Myanmar Report: COVID-19 festers in Myanmar amidst coup woes
Amidst the political and economic turmoil, brought on by the military coup in February, Myanmar is facing yet another threat.
Cases of COVID-19 have increased rapidly since May 27th, averaging around 220 new cases per day, with over 10% of the population infected. Today, the country reported new high, with over a thousand new cases.
Official data, from the Ministry of Health and Sports (MOHS), show that Sagaing Region has the most cases, with over 1,100 new cases being reported between June 13th and 23rd. Yangon has over 700 and Bago is now at over 600.
MOHS had said that Hlegu General Hospital, Hlaingtharyar’s General Hospital and COVID-19 center (Phaungyi), will systematically treat patients who exhibit symptoms.
This wave began on May 27th, with 96 new patients found. By June 19th, the daily record was 561 new COVID-19 cases, spiking on June 24th with 859. This was a total of over 9,000 new cases in a month.
With the Civil Disobedience Movement (CDM) continuing to hold strong, both local and international observers have pointed out that the collapse of Myanmar’s political, economic and healthcare infrastructure is imminent.
Pandemic forces schools to close
One of the most controversial moves by the junta government was to reopen schools across the country. Political affiliations aside, parents and teachers questioned the wisdom of the move, due to ongoing conflicts and the lack of any official preparation against COVID-19.
The initial pushback against schools reopening came from teachers participating in CDM, as well as parents refusing to enroll their children in school, resulting in a low student turnout.
It was more apparent in rural areas, with video clips, widely shared online, of local administrative authorities cajoling parents into registering their children for the school year.
At the same time, schools try to recruit more new teachers, while firing teachers and other faculty members who have been a part of the CDM.
Despite the junta government’s best efforts to have a return to normality, the pandemic struck again.
Subsequently, many townships are facing rising numbers of COVID-19 cases, which has forced schools, which had recently reopened, to close indefinitely, along with some hospitals and markets.
From the end of May to June 25th, there have been nine townships placed under the stay-at-home restrictions. There are five in Chin State, two in Sagaing Region and two more in Bago Region.

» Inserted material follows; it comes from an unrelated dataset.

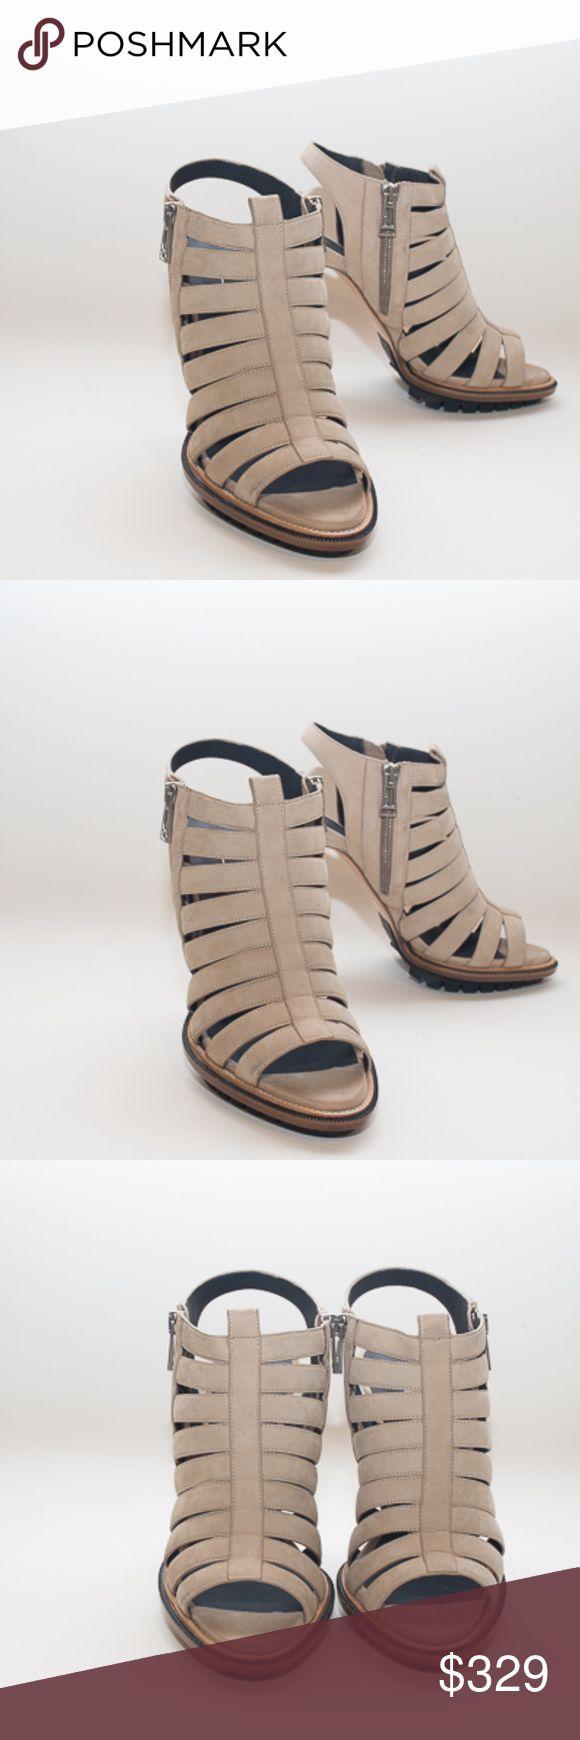 Belstaff Pelham Platform Sandal Women's Size 38 Belstaff Pelham Platform Sandals  New in box, without tags Authentic Belstaff  Italian Women's size 38 Beige leather with lug sole for excellent grip Side zipper on both sides of the shoe Heel hight: 5 inches Belstaff Shoes Heels
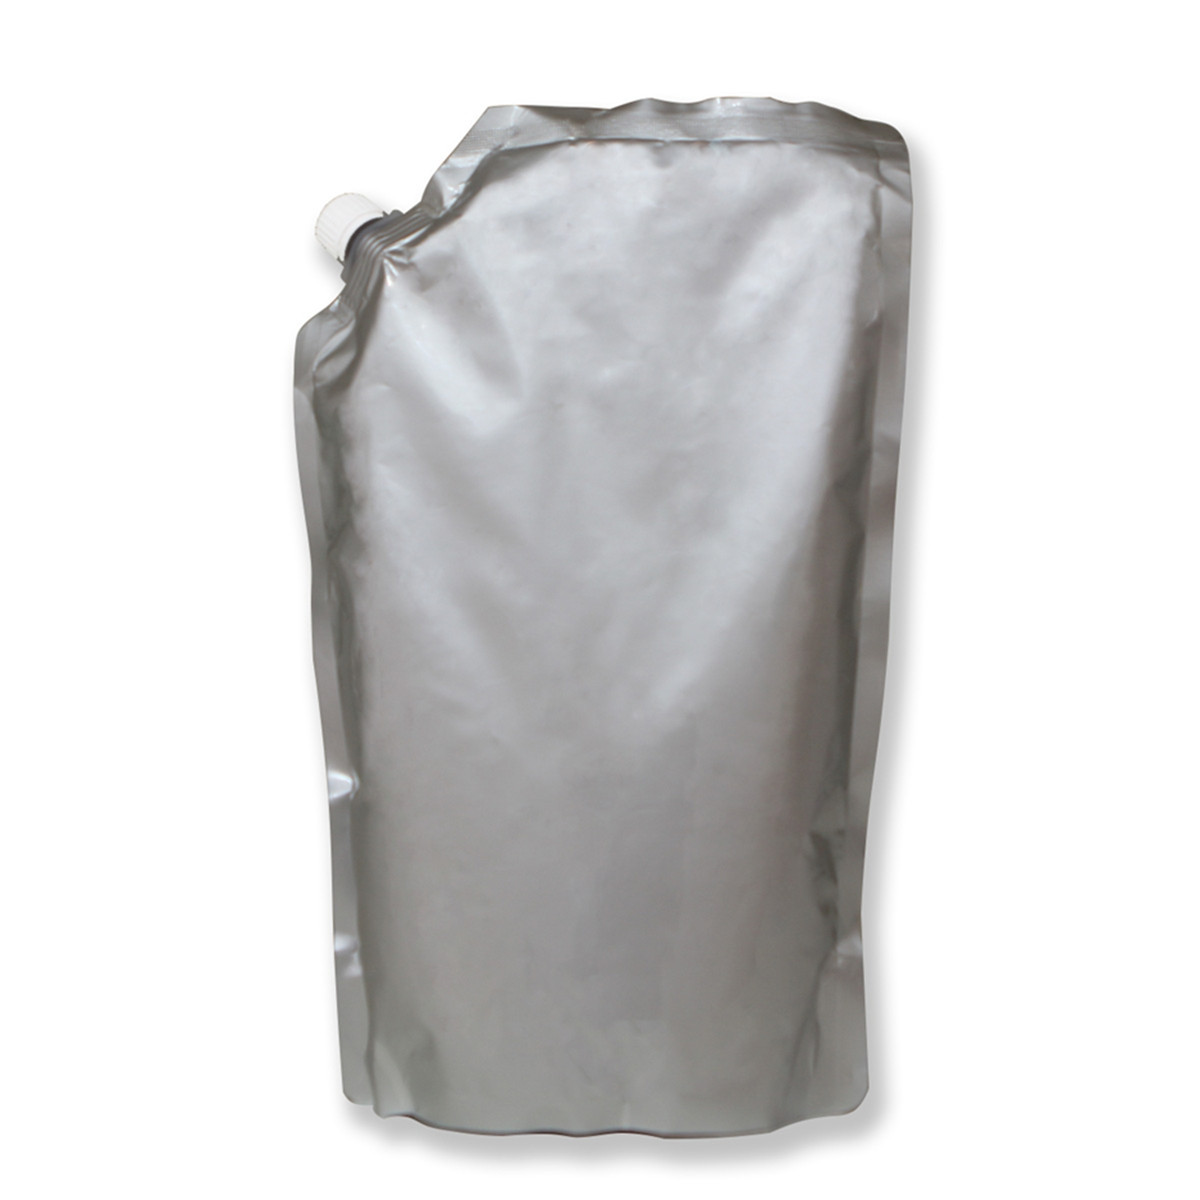 Toner Refil HP Q1338A 1338A | 4200 4200N 4200TN 4200DTN 4200DTNS 4200DTNSL | Jadi 1kg

Even those who have been vaccinated, but are living in stay-at-home townships, must follow the directives.
The public now has great distrust in the government and, by extension, in the public healthcare system.
Myanmar has, so far, used the Indian-made Covishield and China-made Sinopharm vaccines. Both are recognized by the World Health Organisation, amongst 8 types to be used in emergencies.
The inoculation campaign began in January, with Covishield, for selected groups of people. The second phase began on May 31st in Yangon only.
The MOHS’s data show that there are 1.4 million people fully vaccinated and 1.8 million people have had their first dose.
The agreement with India is that 30 million doses of Covishield will be delivered to Myanmar, but this has since been halted, as India is also seeing a rapid increase in COVID-19 cases.
The official data suggest that China donated 300,000 more doses of vaccines, and the priority goes to teachers, so the country can get schools to reopen.
As a rough calculation, this will only be enough, counting both phases, for 150,000 people, in a nation which is home to at least 55 million.
The MOHS has announced that the Yangon and North Okkalapa General Hospitals are accepting COVID-19 patients with severe symptoms, but many civilians have reported that, despite severe health problems, some patients have been turned away for ambiguous reasons and only directed to go through home isolation and to return only if the situation worsens.
Programs, that were in place to support lower-income families with either money or rations, have disappeared since the coup on February 1.
Factories and companies are closing down, due to the stalled economy or in fear of sanctions, which means that more and more of people are being laid off.
The steady proliferation of anti-coup militias and the continuing violent crackdowns by security forces, mean that Myanmar’s overall situation is not about to improve, let alone recover.
This, combined with the surge in COVID-19 cases in Myanmar, means that Myanmar’s troubles may well extend far beyond 2021.